Когда я вошел в дедушкин кабинет, меня ждал очередной сюрприз, приготовленный милым Вангом Ю, в виде распахнутых настежь окон. После этой безумной уборки вся комната стала скользкой и сияла, напоминая какое-ни-будь бессмертное произведение искусства, выполненное в технике китайского лака. Словно шагая по полированному подносу, держась за стены и окружающие предметы, я с трудом добрался до окон; с грохотом захлопнув их, я подошел к столу.
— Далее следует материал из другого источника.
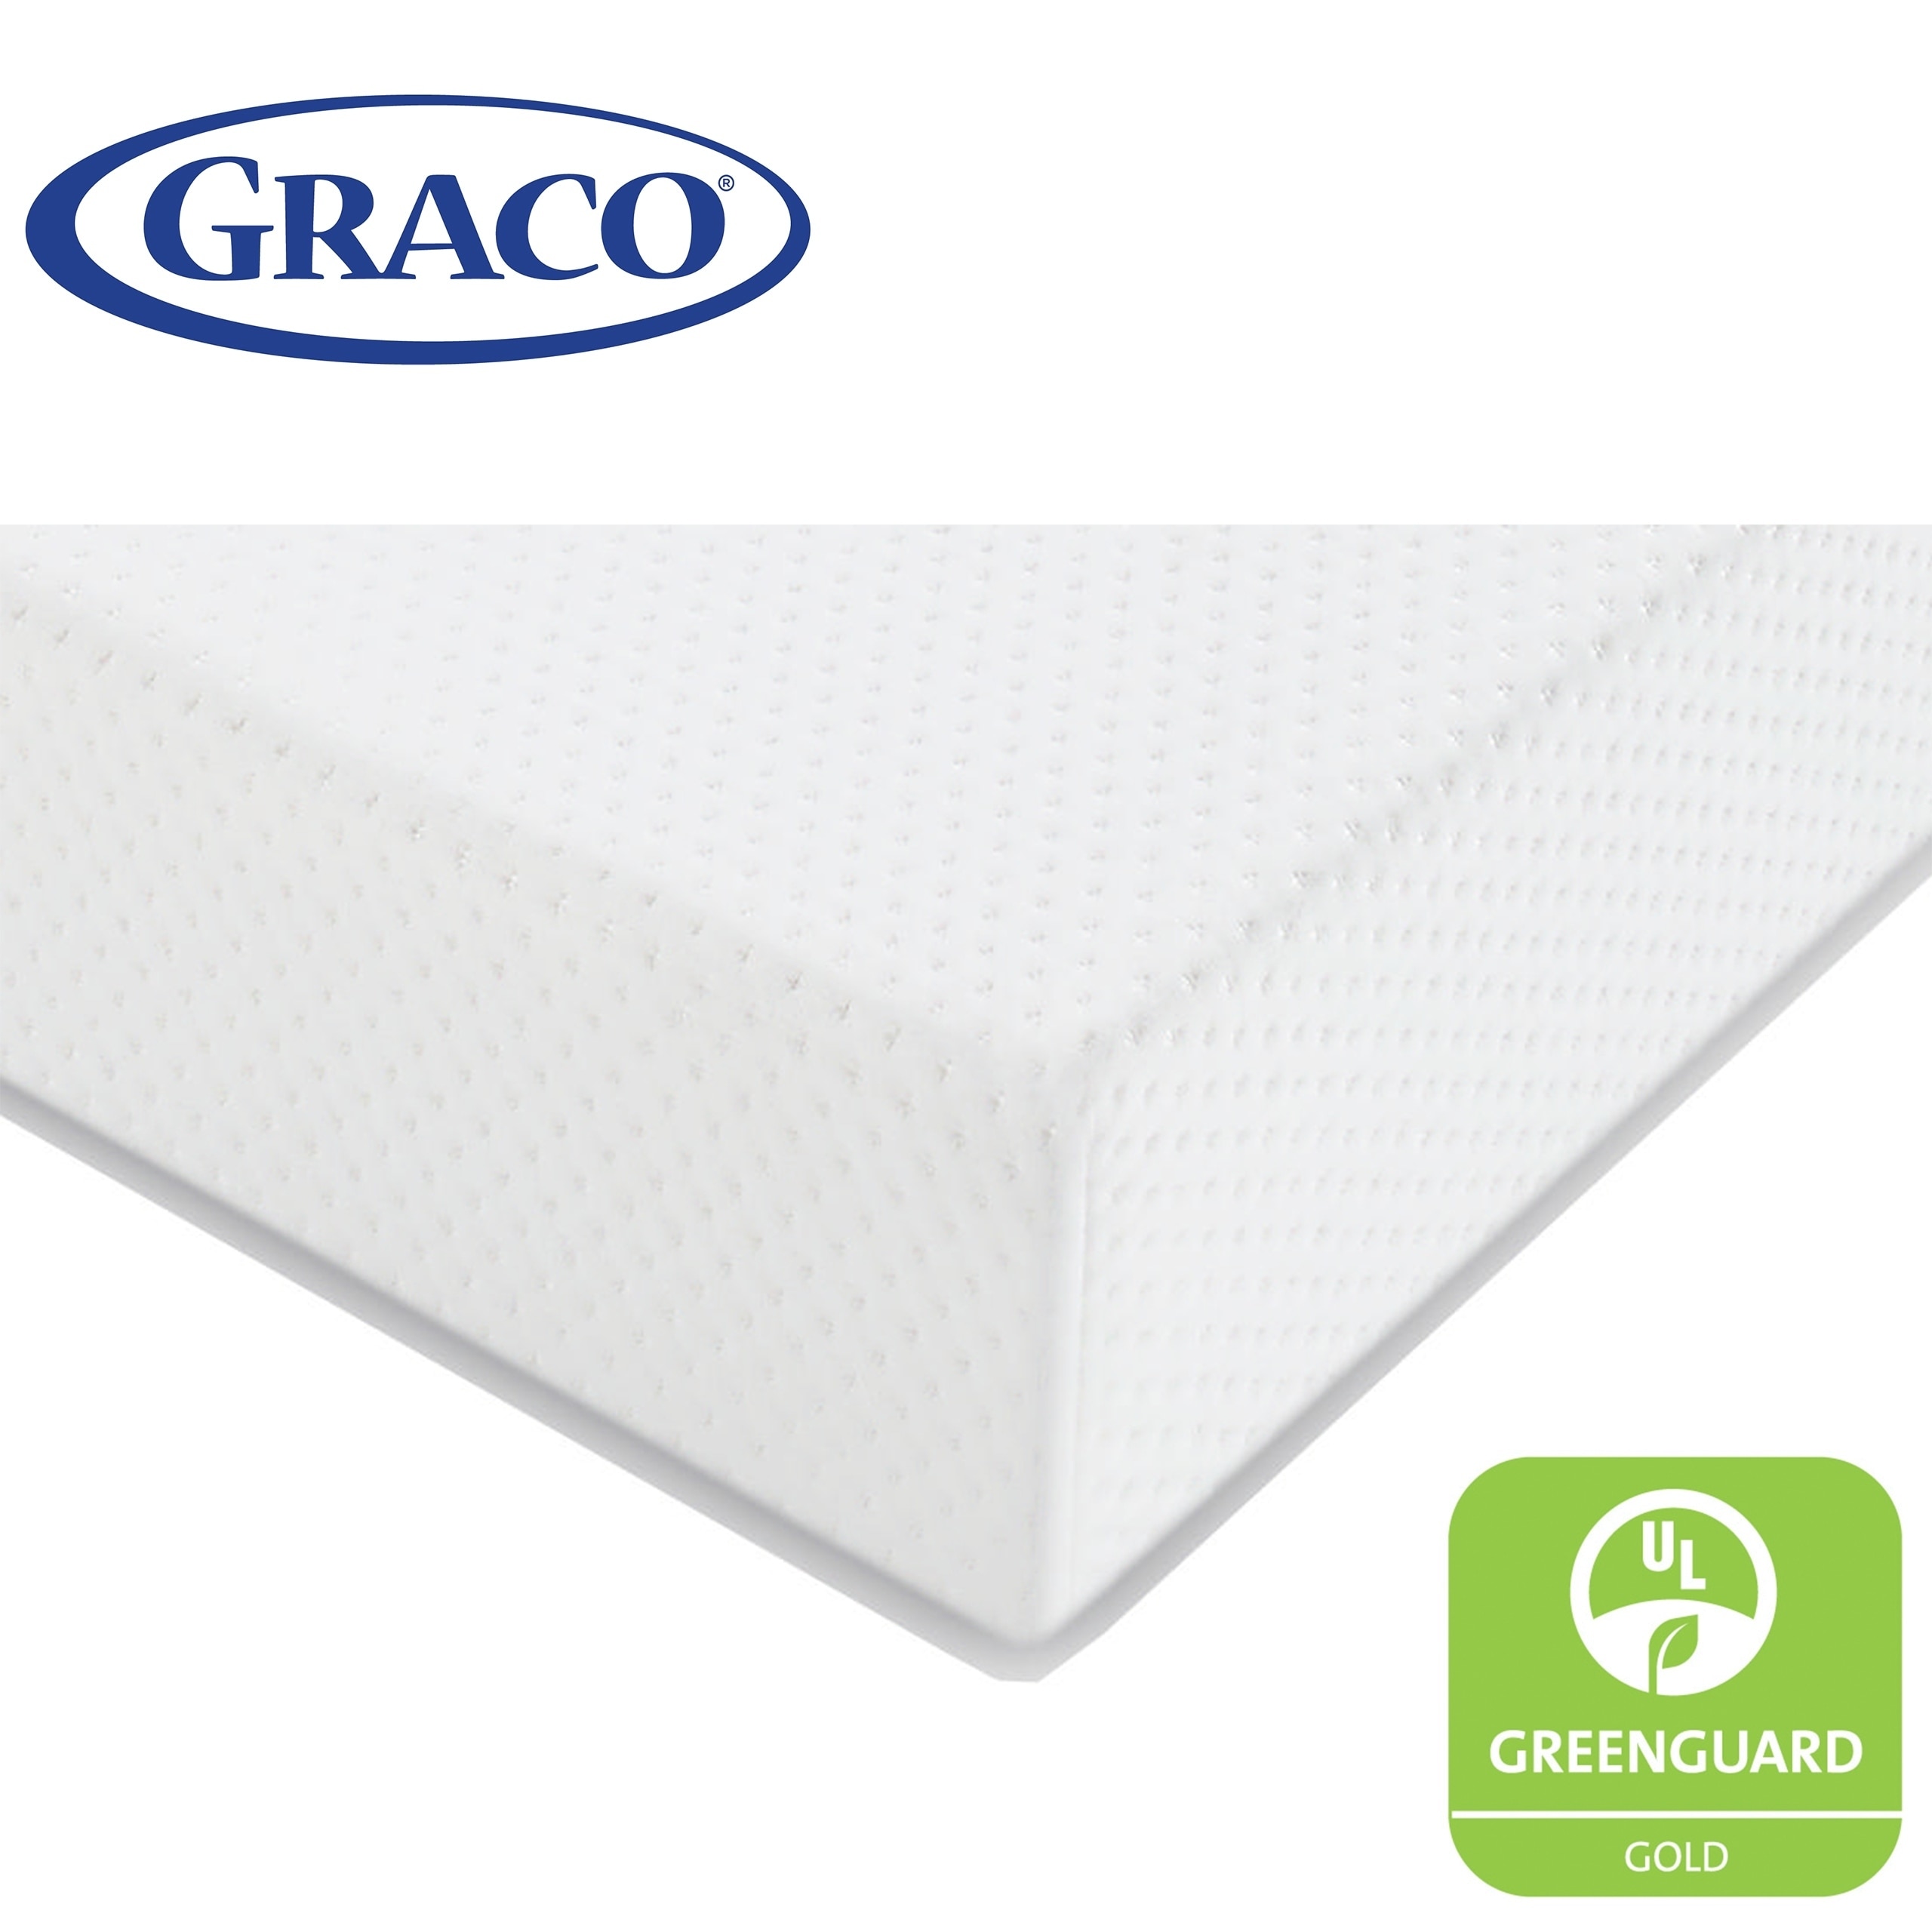 graco toddler mattress

Нервы мои были натянуты как струна, щеки пылали; я схватил самый большой стакан из всех расставленных по росту на столе, налил в него виски и залпом опрокинул в себя.
Когда я немного успокоился, в комнату вошел пожилой почтенный господин, который, как я решил, был соседом с третьего этажа.
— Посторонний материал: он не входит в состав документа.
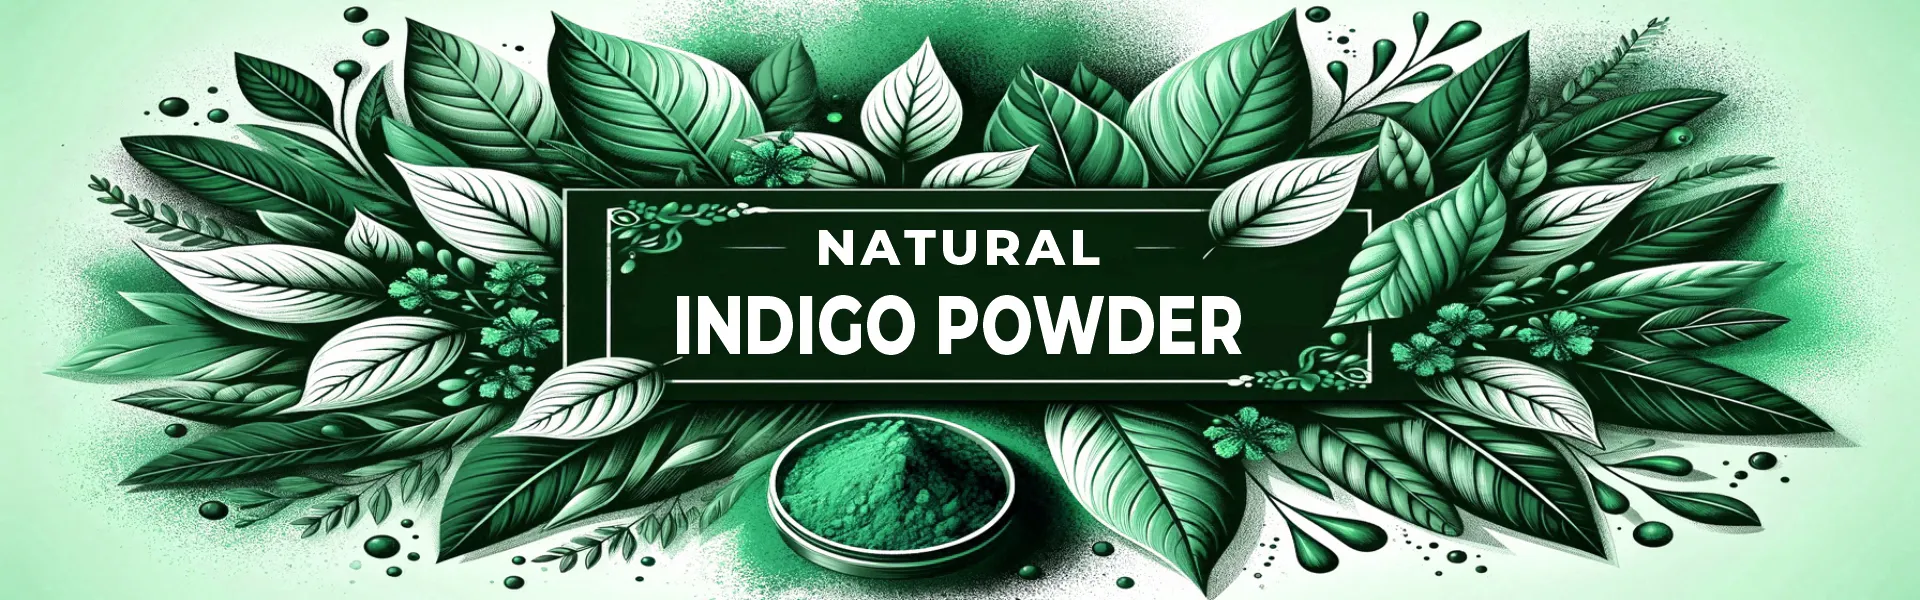 Indigo Powder manufacturer - www.dkihenna.com

— Сидите-сидите, не вставайте, пожалуйста, — сказал мне он и начал: — Господи, да у вас не слуга, а вихрь. Он обошел все наши комнаты, где какие были двери, окна, все открыть заставил! А потом навел такую чистоту, такую чистоту! Взял с собой трех помощников и убрал не только вашу контору, но и весь дом! Благослови его бог! Я такого раньше не видел. Настоящий вихрь.
Я постарался ответить как можно более вежливо:
— Ну что вы, сударь. Знаете, как говорят? Если у тебя нет слуг, то и врагов нет.
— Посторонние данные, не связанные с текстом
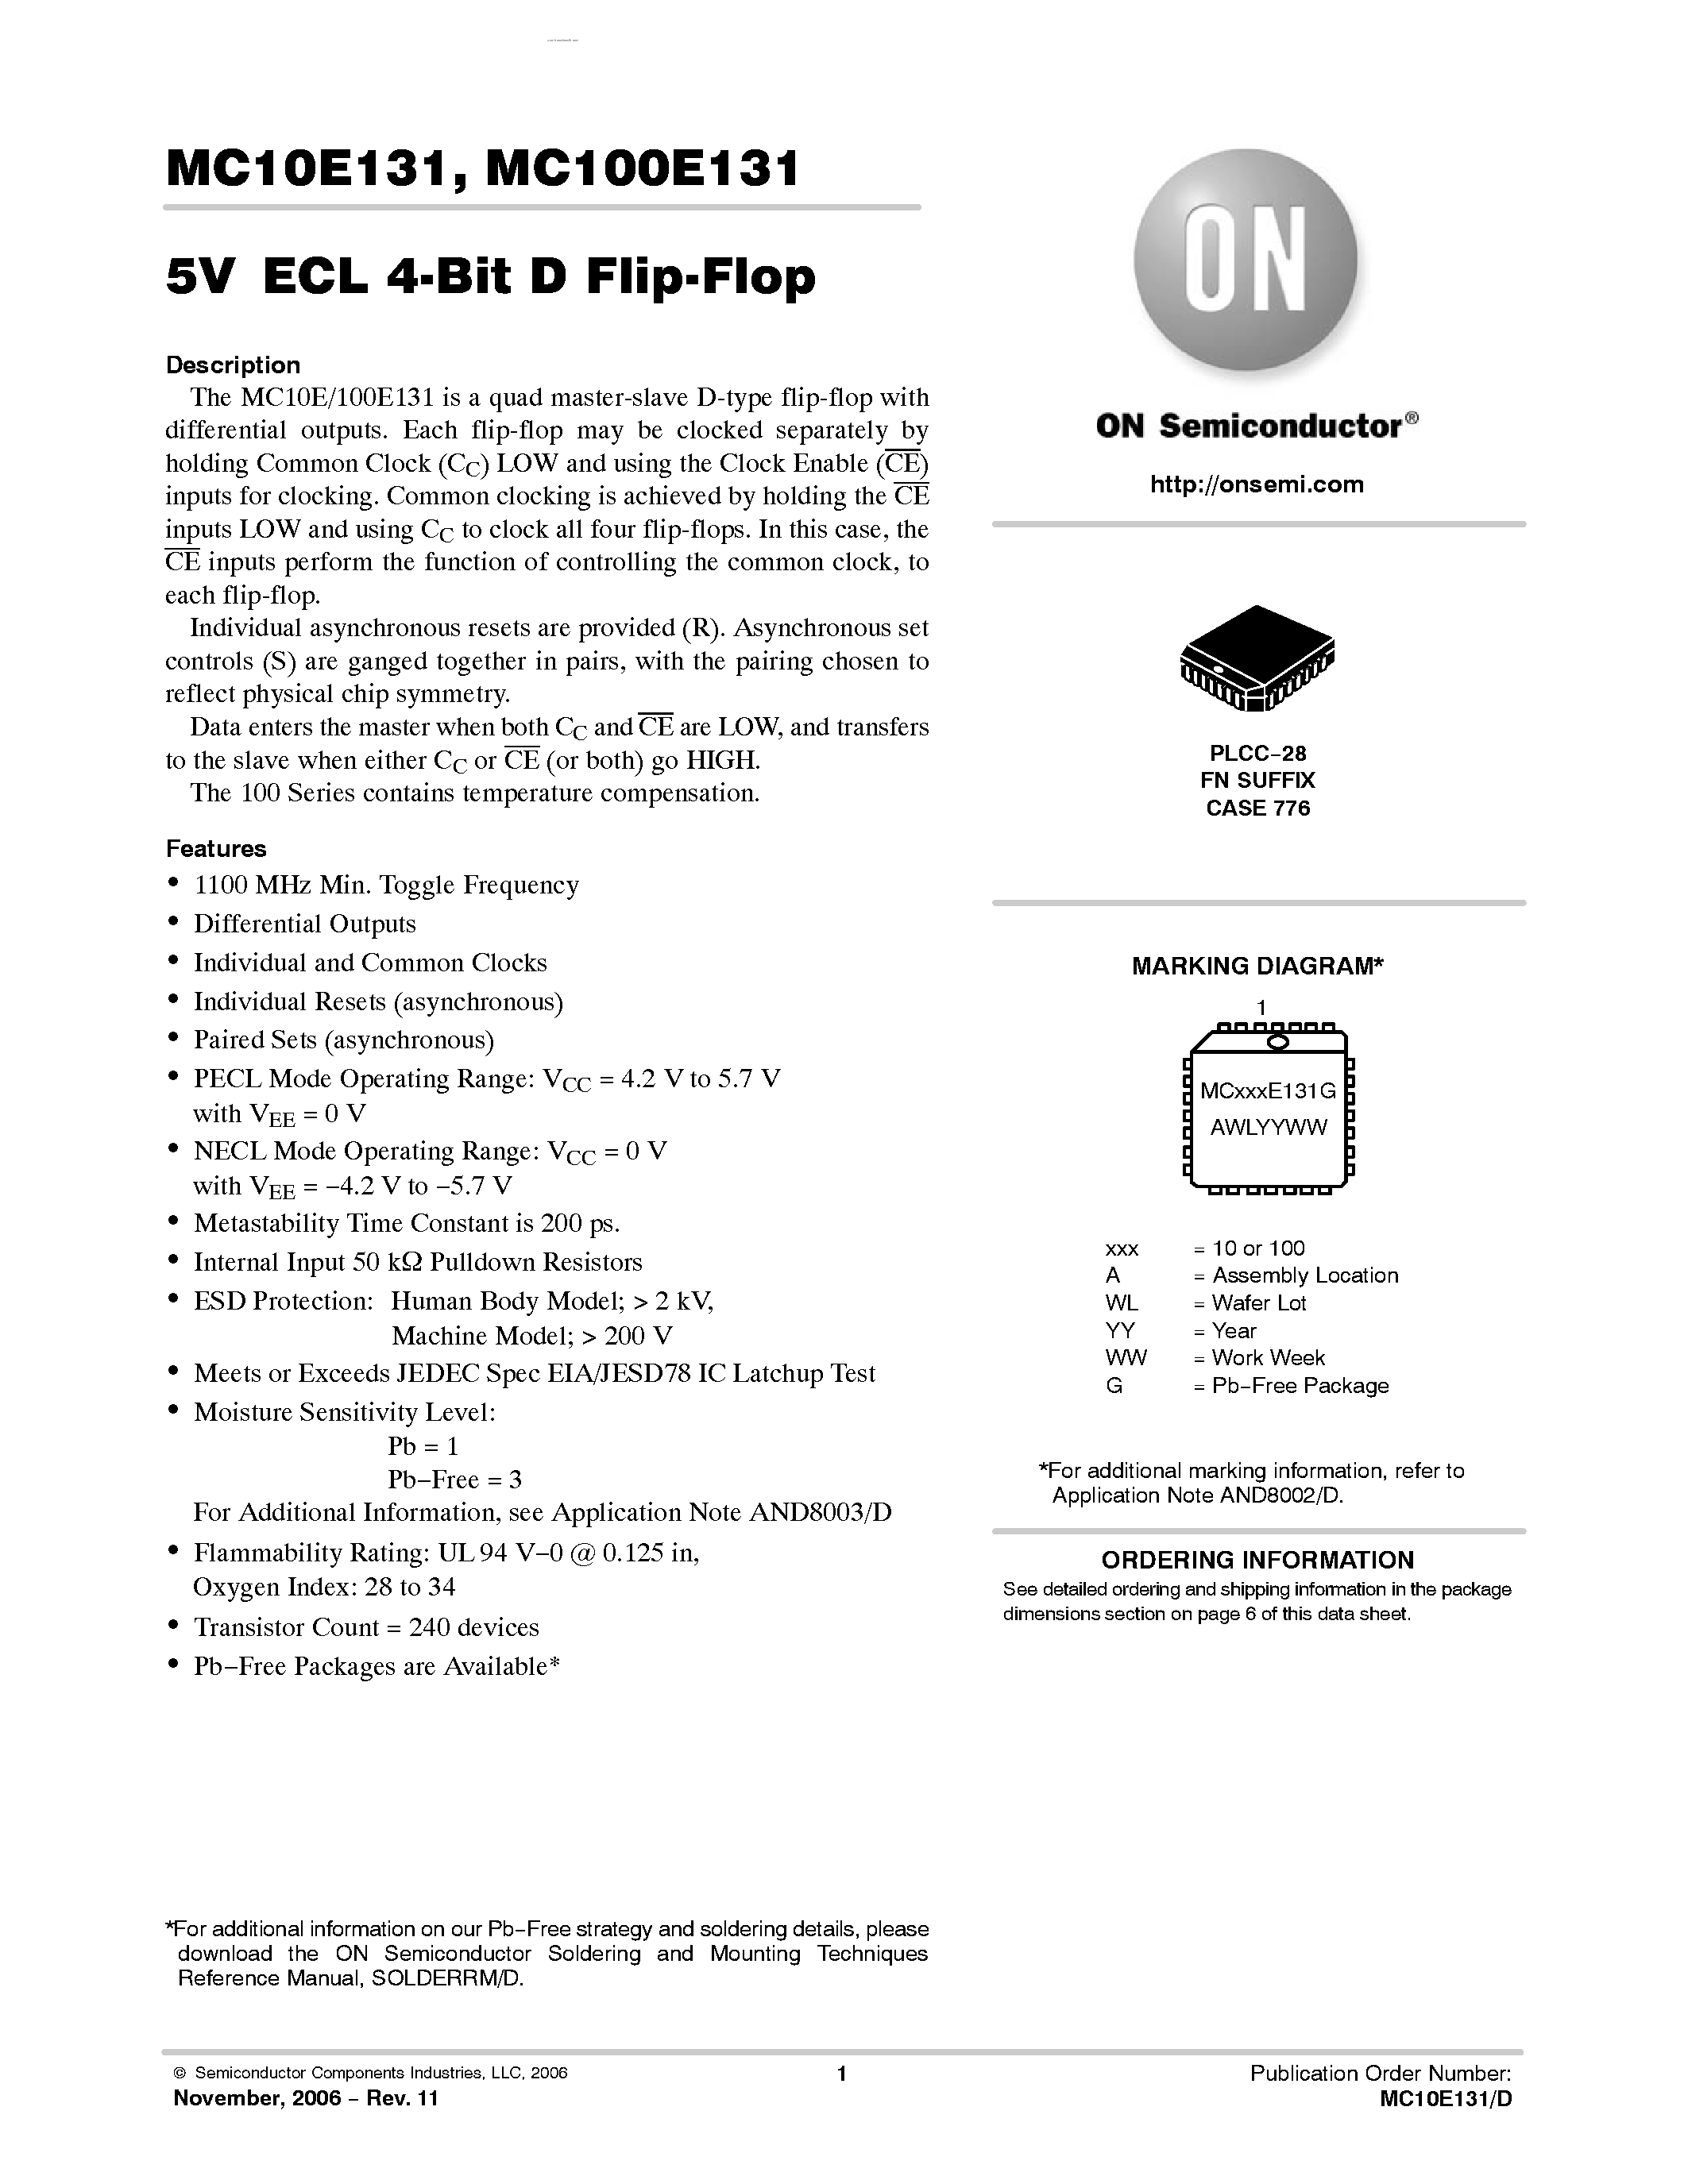 Datasheet MC100E131 - 4-BIT D FLIP-FLOP page 1

Наигранно засмеявшись, он произнес:
— Вы, значит, консерватор. Ладно, мне пора идти. Решил, зайду по дороге к вам. Никогда такого не видел, надо же — такой расторопный да работящий. Настоящий вихрь! Храни его бог! Вот молодец какой: проворный какой, понятливый.
Я пожал ему на прощание руку:
— Всегда жду в гости, сударь. Рад был познакомиться.
— Мы все очень любили вашего покойного дедушку, — вздохнул он. — Ко мне тоже как-нибудь заходите.
Проводив почтенного старичка, я сел было за стол, но вдруг в дверь опять постучали: ровно три раза — не слишком громко и не слишком тихо, с равными промежутками. Я уже был не в состоянии вставать ради этих незваных гостей. Вчера один, сегодня двое! Не контора, а проходной двор какой-то.
— Дверь открыта, — крикнул я. — Входите, пожалуйста.
Вошел бледный, но очень красивый человек с мягкими каштановыми волосами. На носу у него были круглые очки в тонкой металлической оправе, а в руках — огромный пакет, завернутый в блестящую ярко-зеленую, как голова селезня, бумагу. Человек направился прямо к моему столу.
Протянув мне руку, он произнес:
— Добрый вечер. Надеюсь, я вас не побеспокоил. Прошу простить за то, что явился без предупреждения. Но мсье Жакоб так настаивал, чтобы я увиделся с вами, что мне пришлось рассудить так: если я зайду к вам по пути и оставлю этот пакет, то это не будет большим неудобством для вас.
Ну и противным он оказался! У него были отвратительные потные ладошки, а когда он говорил, то смотрел не мне в глаза, а как бы мимо них, по касательной, на мои виски, время от времени облизывая верхнюю губу. При этом у него был очень приятный, звучный голос, и выговаривал слова он безупречно. Эта безупречность доходила до того, что делалось скучно его слушать. Казалось, обычный человек не может так разговаривать, и все вместе в сочетании с его точеной фигурой создавало впечатление, что это — робот. Если бы мне нужно было дать ему имя, я бы назвал его Человек-Робот, и никак иначе. Однако его давно уже назвали без меня, а мне оставалось только догадаться, кто он такой.